Девушка поразила Фирхофа страстью и самоотречением. Помятый советник перекатился на спину, поправил одежду и принялся отрешенно рассматривать то же самое серое перистое облако.

«Формально и по факту я теперь – обольститель и совратитель, вот так и ловятся все мужчины-простофили, beata stultica[32]. Испортив невинную девицу, я не смогу ее бросить без сильных угрызений совести. Но и жениться на ней, черт меня возьми, не хочу, потому что… да хотя бы потому, что она – наполовину альвис! А на мне частичный монашеский обет, сложение его остается юридическим казусом уже лет десять. Она красива, если бы ее еще подкормить, и очаровательна, как сама весна, но я не люблю ее, конечно, нет. И все-таки, в этаком вызове придворному обществу был бы особый шик».

Людвиг представил себе расстроенное лицо венценосного друга и поджатые губы его сухопарой, добродетельной супруги, изысканных дам – жен и дочерей церенских аристократов, принужденных уступать дорогу баронессе фон Фирхоф – бродячей альвисианке, и с этими приятными мыслями уснул.

«Жаль только, мне уже никогда не вернуться в Лангерташ и не уладить моих дел с императором. Я – лишний элемент, хотя и в положении лишнего элемента могут быть приятные моменты».

Утром он не ушел, утешая себя мыслью, что сделает это ближе к вечеру. Плот лениво плыл, следуя изгибам реки, угрюмый Асти сидел на самом краю, ловя ладонью здоровой руки и пропуская между длинными пальцами зеленоватую воду. Ина молчала, в ее карих глазах отражались золотые искры света. Фирхоф правил плотом, избегая редких мелей.

Развязка наступила после полудня третьего дня – Фирхоф издали заметил цепь, перегородившую узкое место реки, отмель и жесткие, словно точеные, силуэты вооруженных всадников.
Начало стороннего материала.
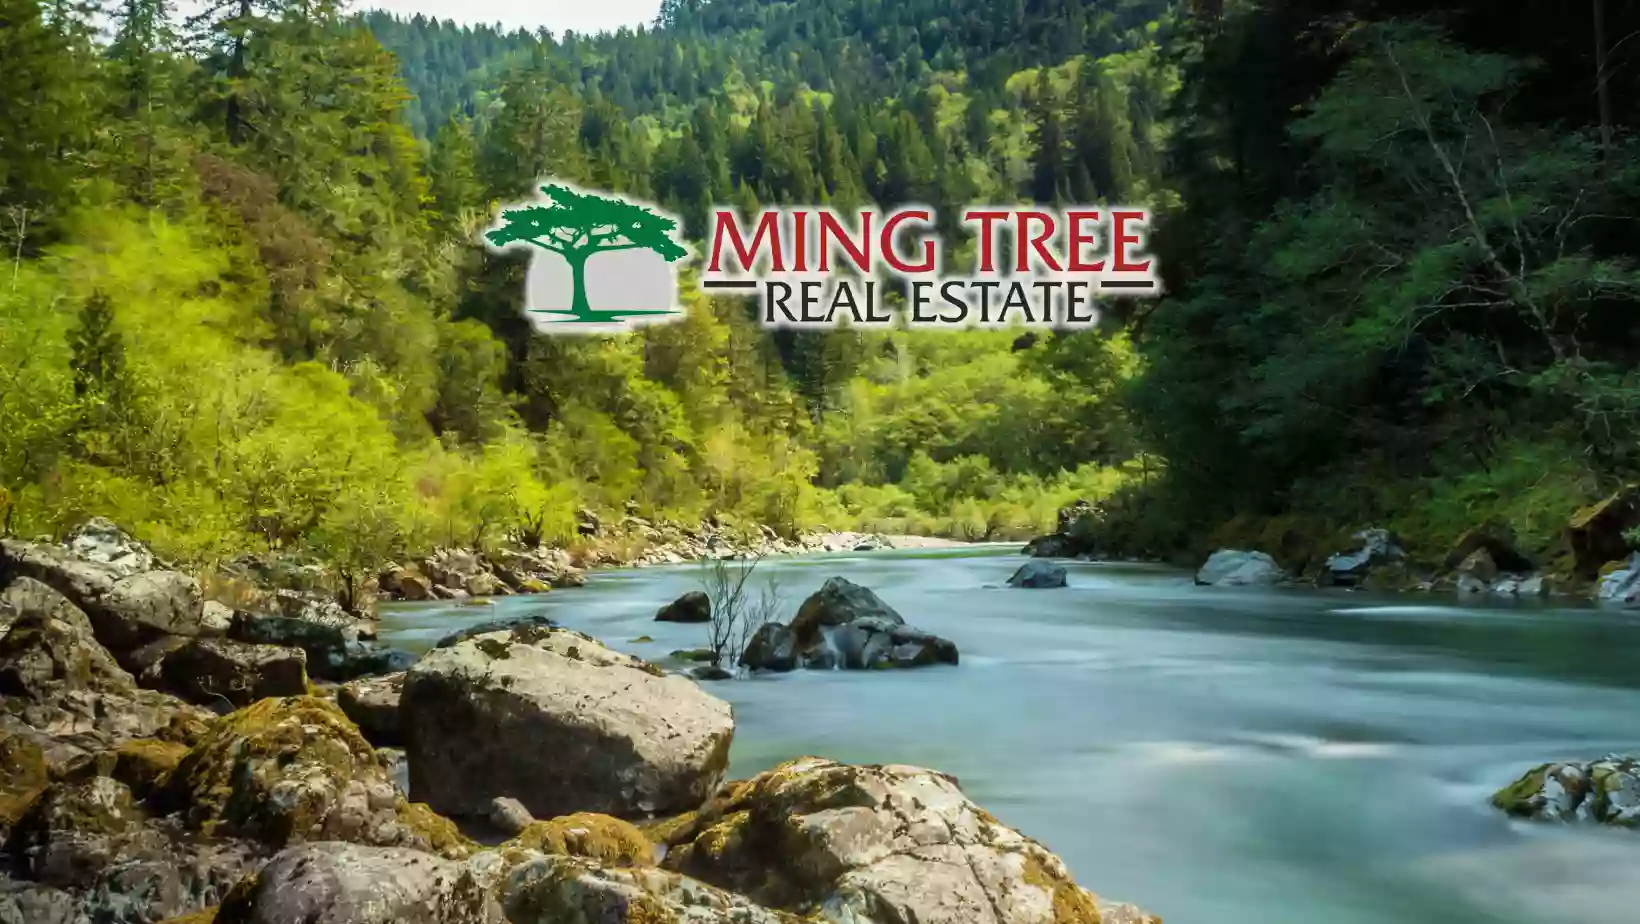 Ming Tree Real Estate

Полноватый человек с гордо посаженной головой показался советнику очень знакомым.

– Приплыли.

Плот ткнулся в песок. Фирхоф прыгнул на берег, на россыпь вынесенных волной мелких ивовый веточек. Гаген Справедливый ждал, он гордо держался в высоком седле – нервное напряжение правителя выдавали только беспокойные белые пальцы. Кунц Лохнер остановил свою приземистую лошадь почти рядом с жеребцом императора. Капитан гвардейцев настороженно щурился, разглядывая советника, лицо Кунца выражало странную смесь злорадства, самодовольства и недоверия. Еще двое верховых, рыцарь Бриан д’Артен и незнакомая, плотного сложения, молодая женщина в кольчуге, держались чуть позади. Отряд латников медлил, оставаясь в седлах. Поодаль Людвиг заметил десяток недвусмысленно прицелившихся арбалетчиков.

Ина вскрикнула, но Фирхоф заставил себя не оглядываться, он прошел несколько шагов по песку, и, остановившись перед императором, поклонился – достаточно почтительно, чтобы это не казалось вызовом, но не слишком низко – не позволяя разглядеть за этим жестом вежливости даже тени страха.

Гаген с минуту молчал, глядя прямо в зрачки друга, Фирхоф не отвернулся, император усмехнулся, улыбка получилась грустной и принужденной.

– Коня министру империи…

Людвигу немедленно подвели серого скакуна. Арбалетчики без особой охоты опустили оружие, кавалькада рысью выехала на косогор, оставив позади реку, плот, оцепеневших Асти и Ину.

Лагерь на равнине не поражал размерами – временное пристанище в голой степи, под голым, без единого облачка небом. Около полусотни солдат и несколько рыцарей разбрелись кто куда и сели возле походных костров. Людвиг опустился в складное кресло, повинуясь жесту Гагена, монарх устроился напротив, сам наполнил вином кубок и долго вертел драгоценный сосуд в ладонях. На среднем пальце сверкало рубином имперское кольцо.

– Капитан Кунц, оставьте нас, будьте любезны, найдите себе дело…

Капитан нехотя удалился, норовя оглянуться через плечо.

– Где ты был все это время, Людвиг?

– Бродил где придется. В основном, шел на восток – хотел уйти из Церена.

Справедливый укоризненно покачал головой.

– Ты плохо поступил в Нусбауме – скрылся вот так, внезапно, тайком, не дождавшись нашего разговора. Быть может, я и сумел бы тебя убедить…

– В чем?

– В искренности моей дружбы. Быть может, в еще в чем-то важном. Хотя, какая теперь разница?

– Конечно, никакой.

Император сжал кубок так, словно хотел его раздавить.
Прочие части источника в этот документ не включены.